Definition

Pronunciation: shweh

Also spelled: Hsueh, Blood (TCM), Xuye

Chinese for 'blood' — in TCM, a vital substance denser and more material than qi, produced by the spleen from food essence and refined by the heart and lung. Xue nourishes all tissues, moistens the body, and provides the material foundation for shen (spirit/consciousness).

Etymology

The character xue (血) is a pictograph of a ritual vessel (min 皿) with a drop of blood above it, referencing Shang dynasty sacrificial rites (c. 1600-1046 BCE) where blood offerings were placed in ceremonial bowls. The medical use of xue in the Huangdi Neijing retained this sense of blood as something precious and concentrated. The Suwen, Chapter 81, states: 'The middle jiao receives qi, extracts the juice, transforms it to red, and this is called xue.' This passage establishes that TCM blood is manufactured from digested food — a concept with no parallel in pre-Harvey Western medicine, where blood was considered innate rather than continuously produced.

About Xue

The Huangdi Neijing Lingshu (Spiritual Pivot), Chapter 71, provides the foundational statement on blood production: 'The middle jiao receives the essence of food, transforms and separates it, steams it upward to the lung, where it is converted to blood through the action of the lung qi, and then descends to flow through the vessels.' This production sequence — food to spleen to lung to heart to vessels — describes a manufacturing process that modern TCM education still teaches as the primary pathway of blood formation. The spleen extracts gu qi (grain qi) from digested food; the lung infuses it with fresh qi from respiration; the heart's transformative fire turns it red and propels it into circulation.

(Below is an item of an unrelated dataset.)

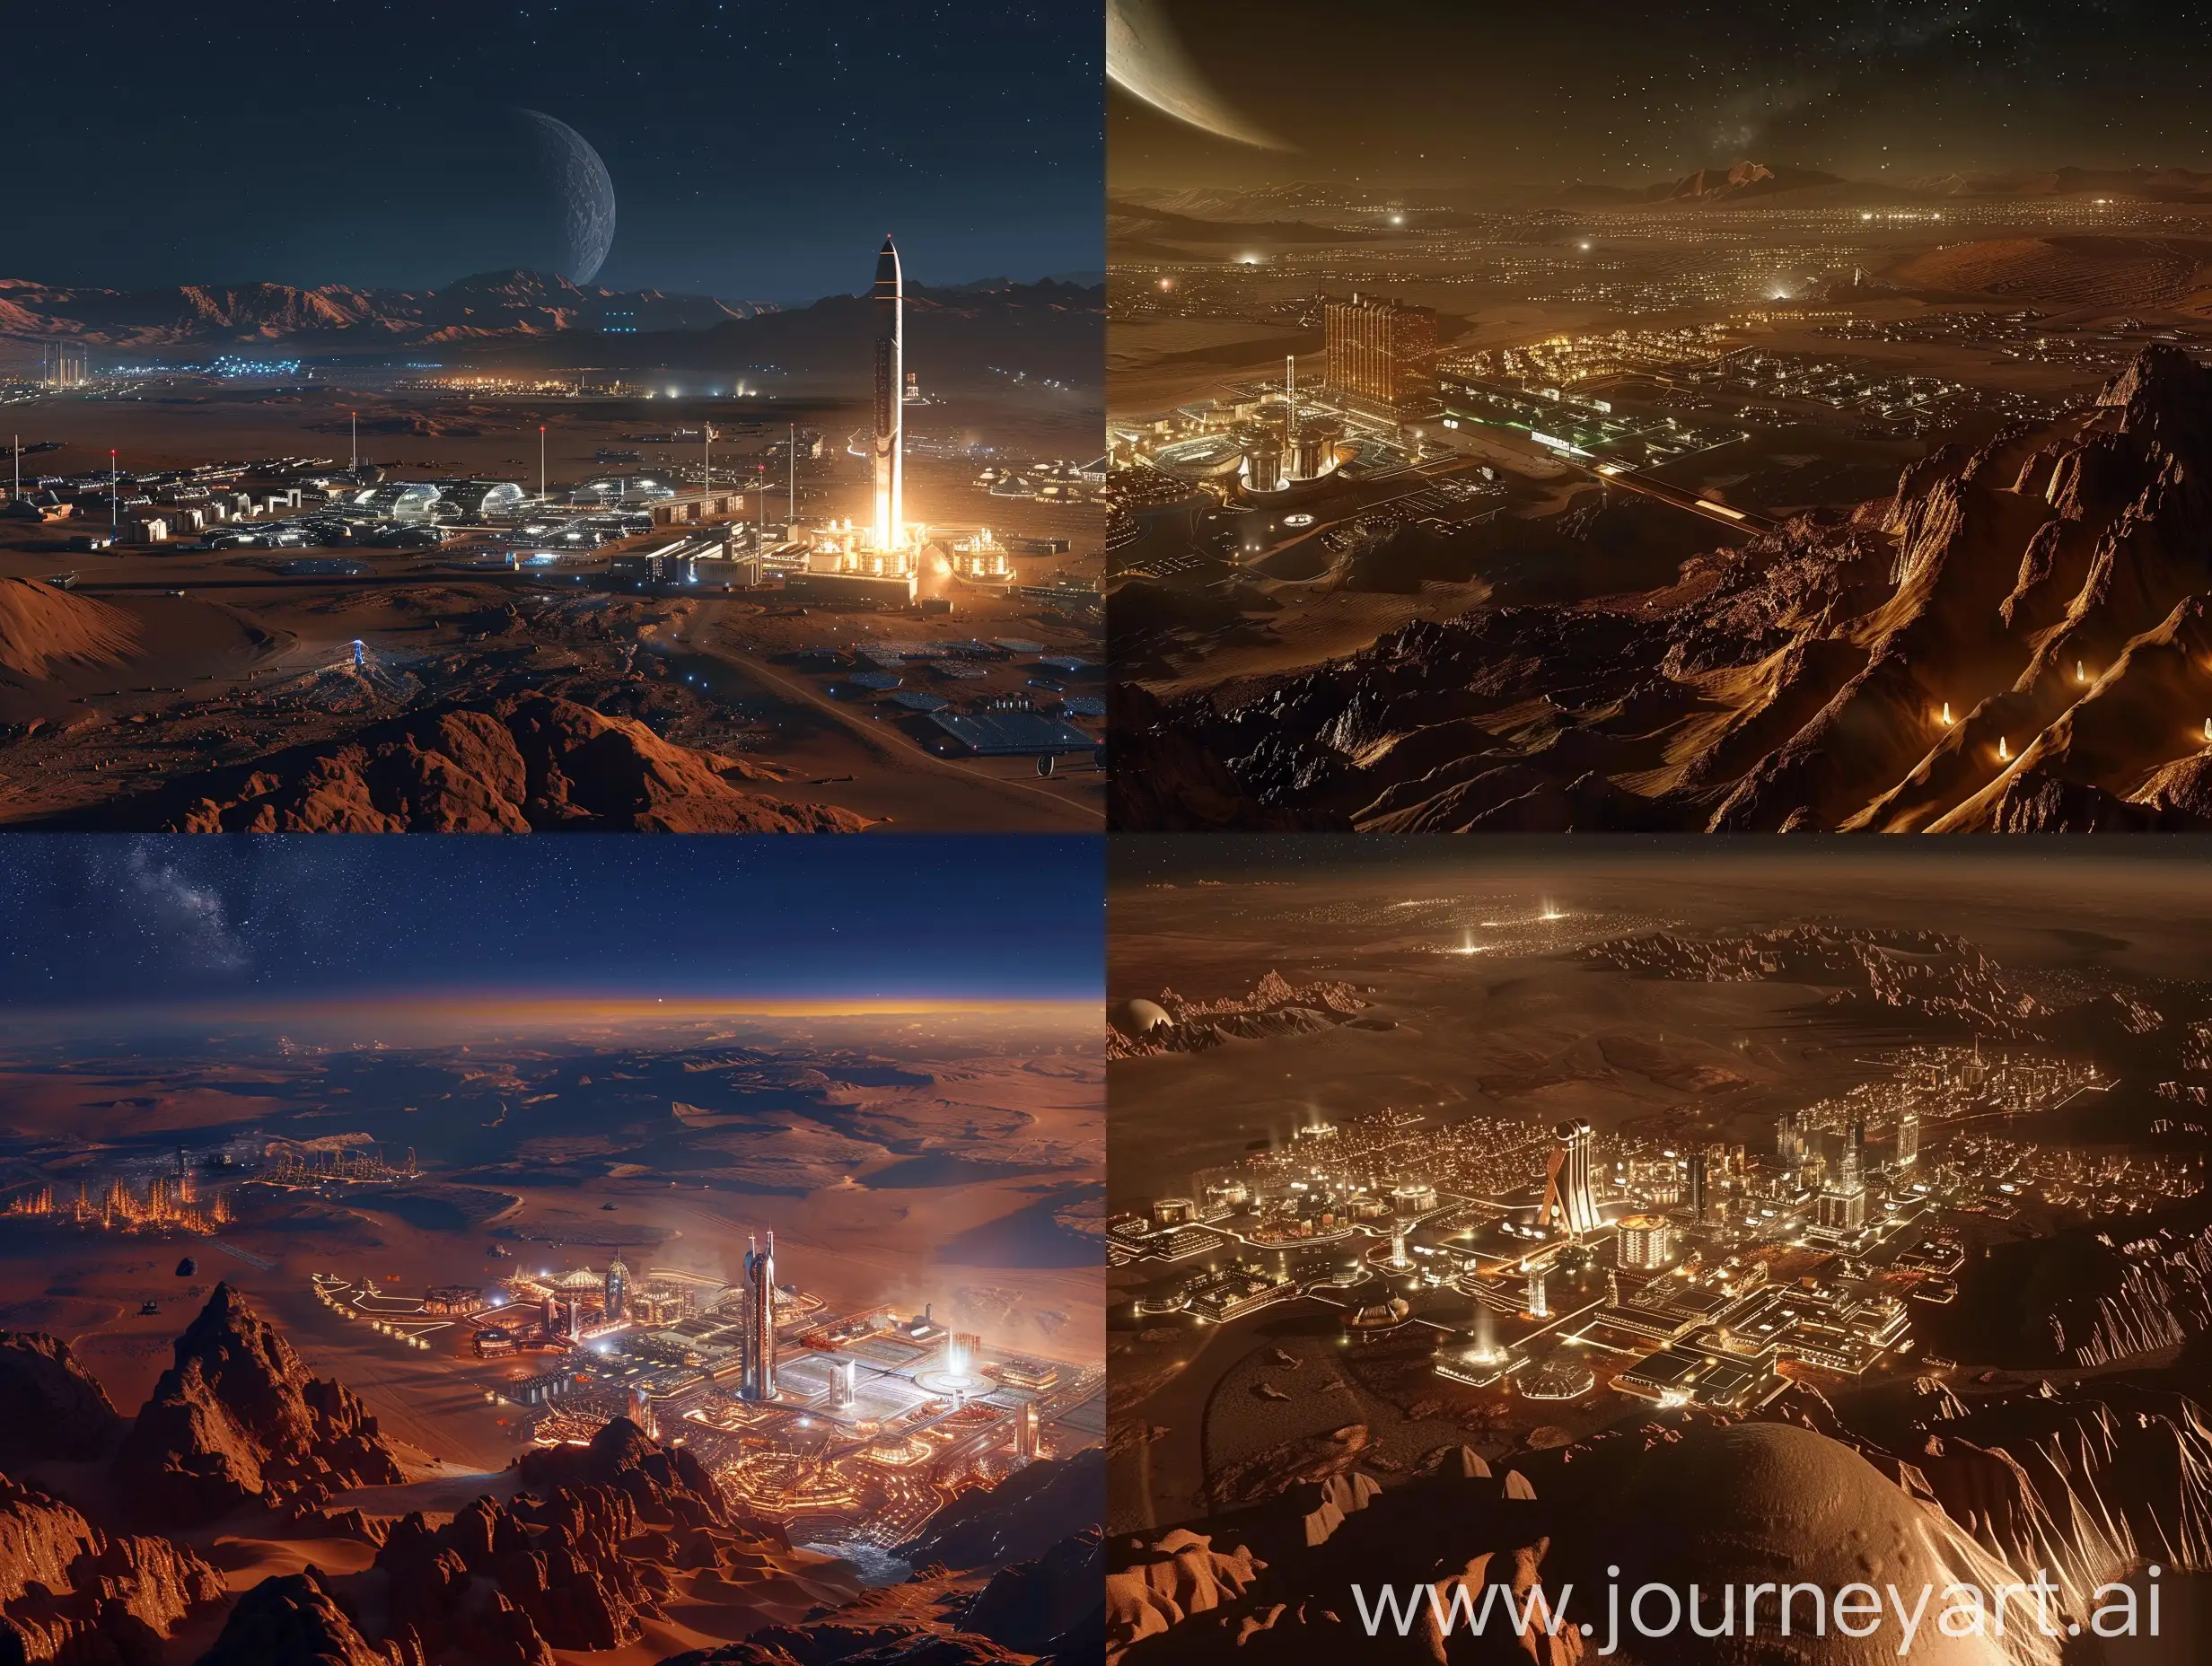 Futuristic-Night-Cityscape-Contrasting-Mars-Environment-High-Altitude-View

Xue in Chinese medicine is simultaneously a material substance and a carrier of function. It nourishes every tissue the meridians reach, moistens the skin and mucous membranes, provides the material substrate for consciousness (shen cannot settle without adequate blood), and maintains the flexibility of sinews and joints. The Suwen, Chapter 10: 'The liver stores blood. Blood nourishes the sinews. The liver qi connects to the eyes. When the liver receives blood, the eyes can see. When the feet receive blood, they can walk. When the palms receive blood, they can grasp. When the fingers receive blood, they can hold.' This passage makes explicit that blood is not merely a transport medium but the direct source of functional capacity in every body part it reaches.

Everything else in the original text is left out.